The Strawberry Buddha

 

Tim mentioned the Hong Kong Flu incident, so I felt I should talk about a bit. I'm sure for most of us it was one of the sickest times in our lives.

First Let me tell you about LCDR Toby Warson. He was our Navigation Officer, with fire red hair and freckles to match. He was fairly heavy at that time, so, someone decided to call him the "Strawberry Buddha" and it stuck.

As Tim mentioned R.D. came back after his wedding and brought the "Hong Kong" Flu with him. Now the flu is bad enough in the civilian environment, put in with 112+ men in a contained submarine and you've got trouble, and boy did we have it. Once you got the flu you couldn't get rid of it because you immediately got re-infected. Within 4 or 5 days almost everyone had it. There were lines at the head. The Sanitaries had to be blown a couple times a day.
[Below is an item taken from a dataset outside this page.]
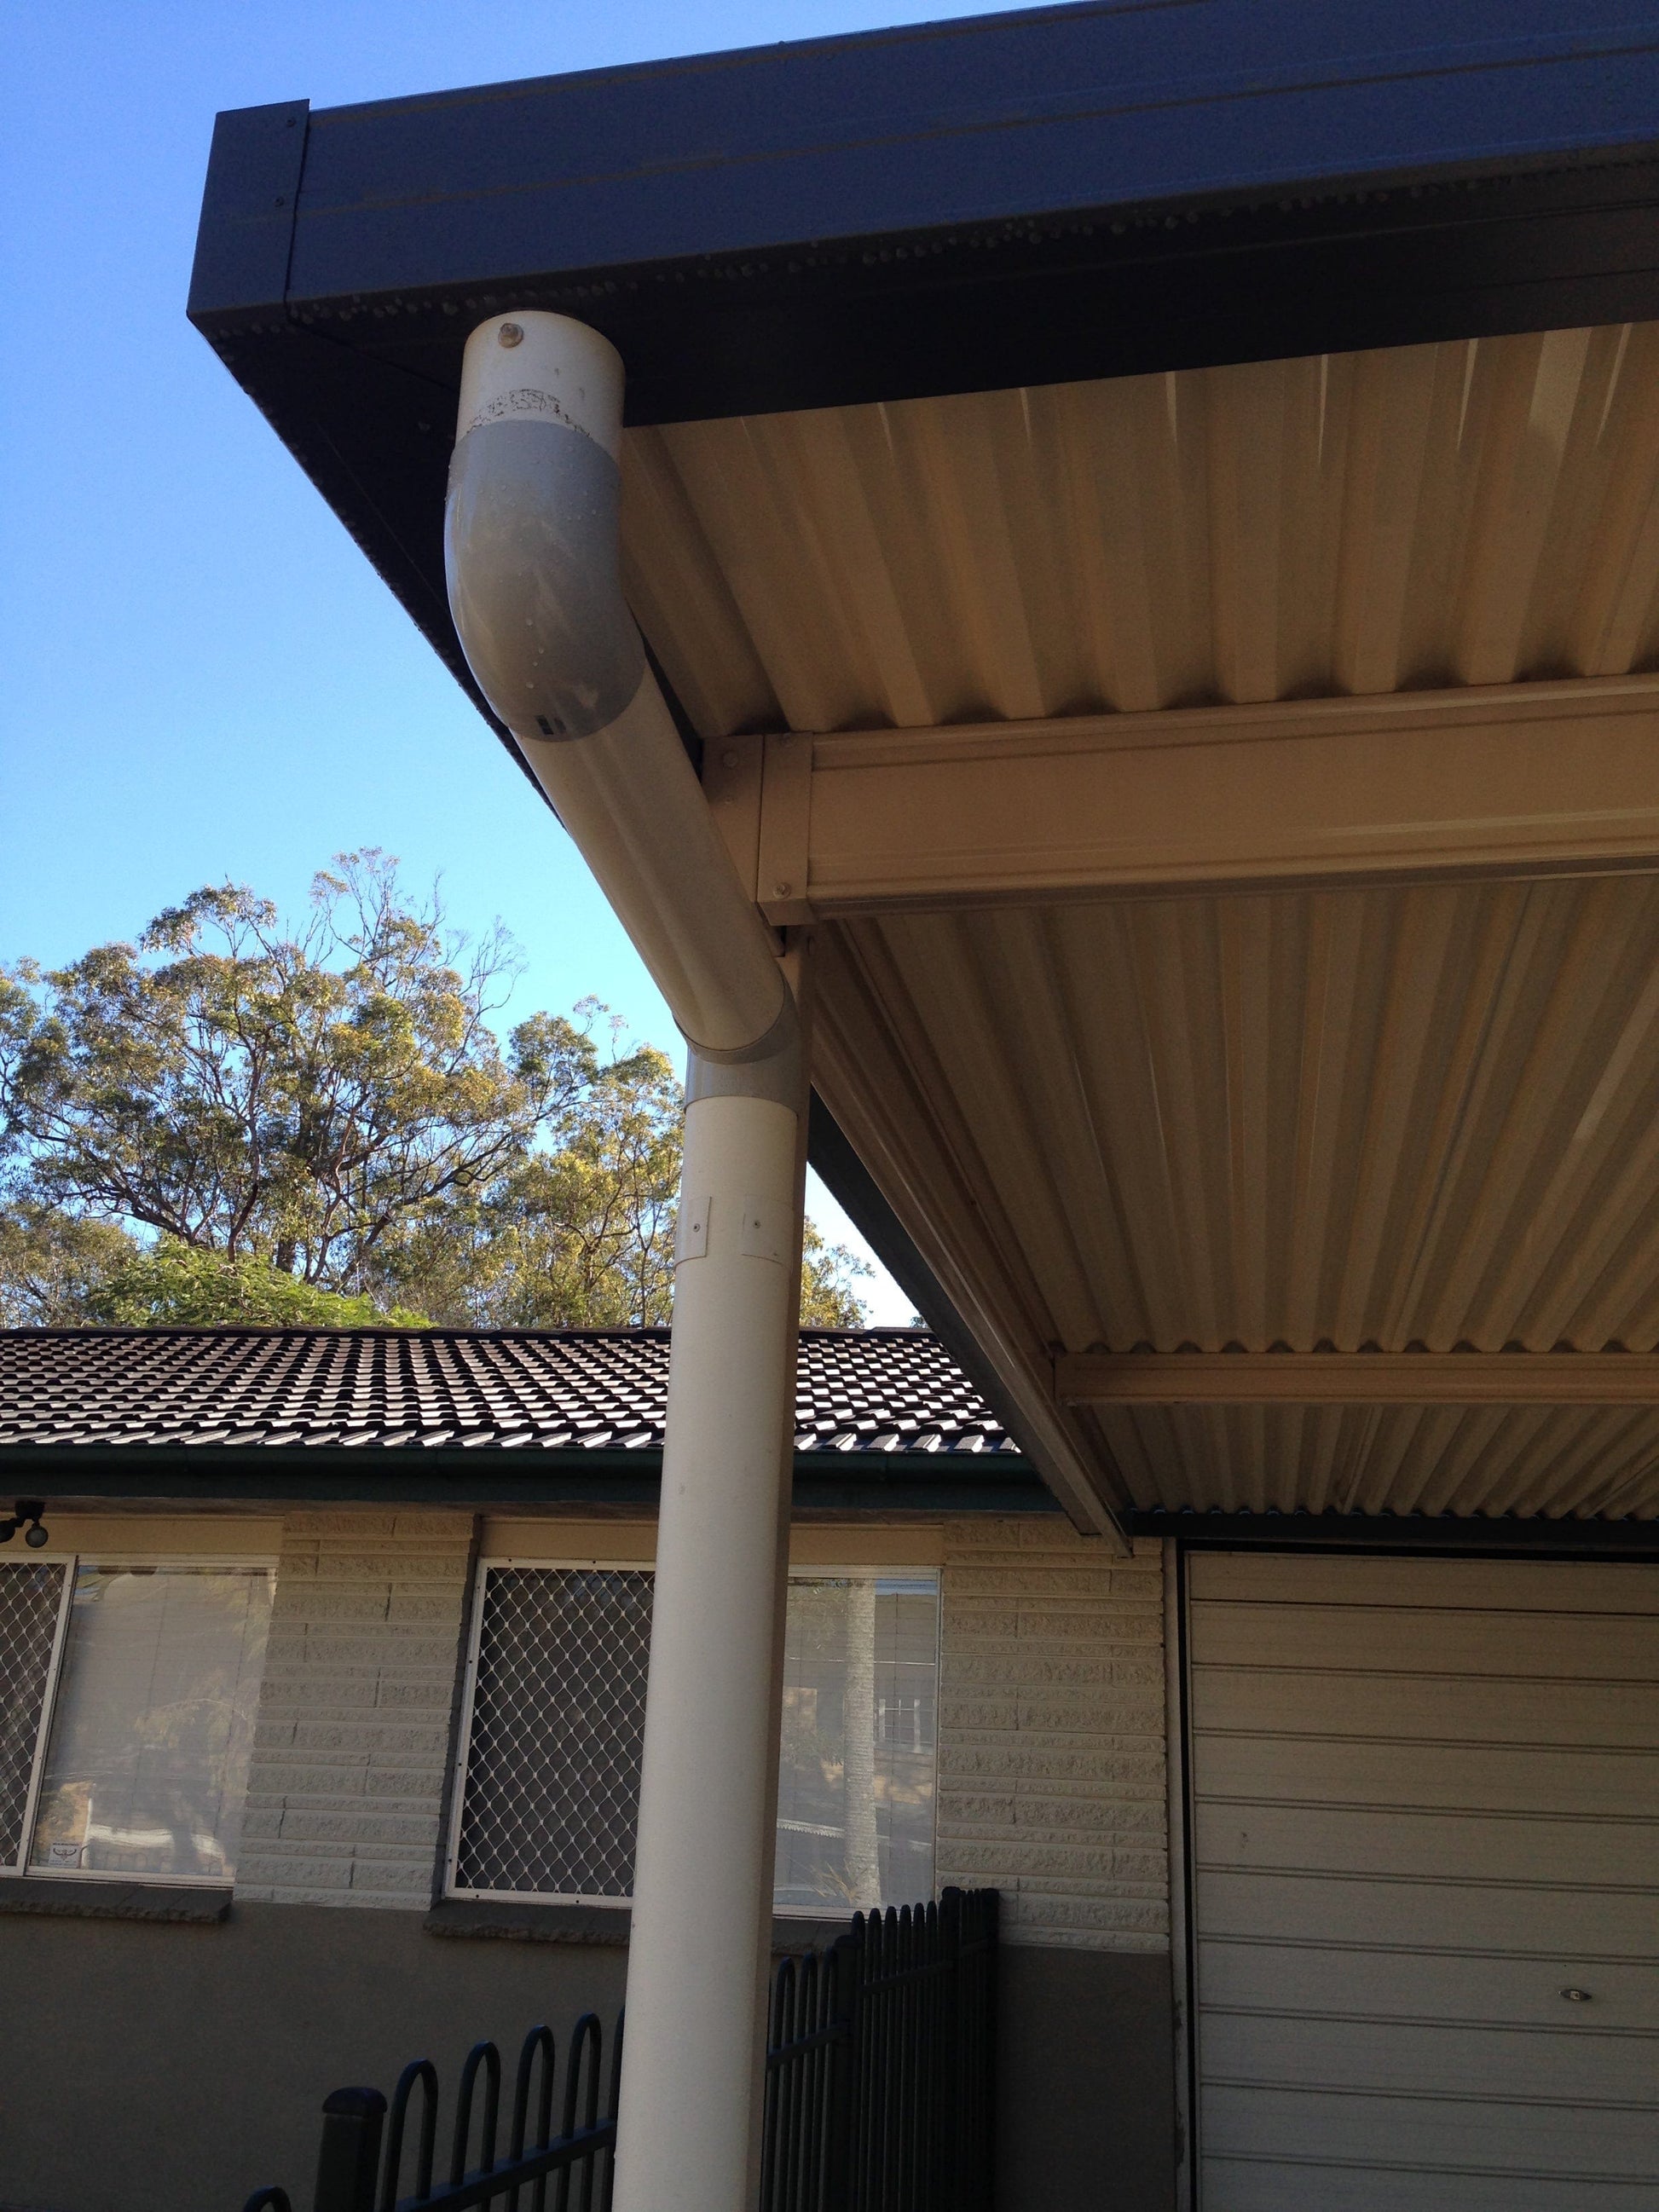 SmartKits Australia Flat Roof Carport- 10m (L) x 6m (W).

Most watches were Port & Starboard and they were hell. I was an IC3 nuke at the time, standing Auxiliary Electrician Aft watch in AMR2UL ( or AMS2UL if your from that era). I was standing port & starboard with Mike Budner EM3. We were both so weak when watch change took place we both made rounds together filling out the first and last hour readings at the same, and horsing in the rest of the readings. Not normally legal but that is how weak we were. The rest of the crew was in the same shape, with some so sick they couldn't possibly get out of bed.

Now I said that almost all of the crew was sick, all but the Strawberry Buddha. The Captain, XO, Strawberry Buddha, and the COB decided the only chance we had of surviving this mess was to leave the op area, surface and ventilate the boat, "Up all bunks" and strip the linen, and wash it along with the clothing. This was done, and within 24 hours most of the crew was well recovered.

We finished our operation and returned to Pearl. Upon arriving in Pearl Mr. Warson, the Strawberry Buddha, came down (you guessed it) with the "Hong Kong" flu.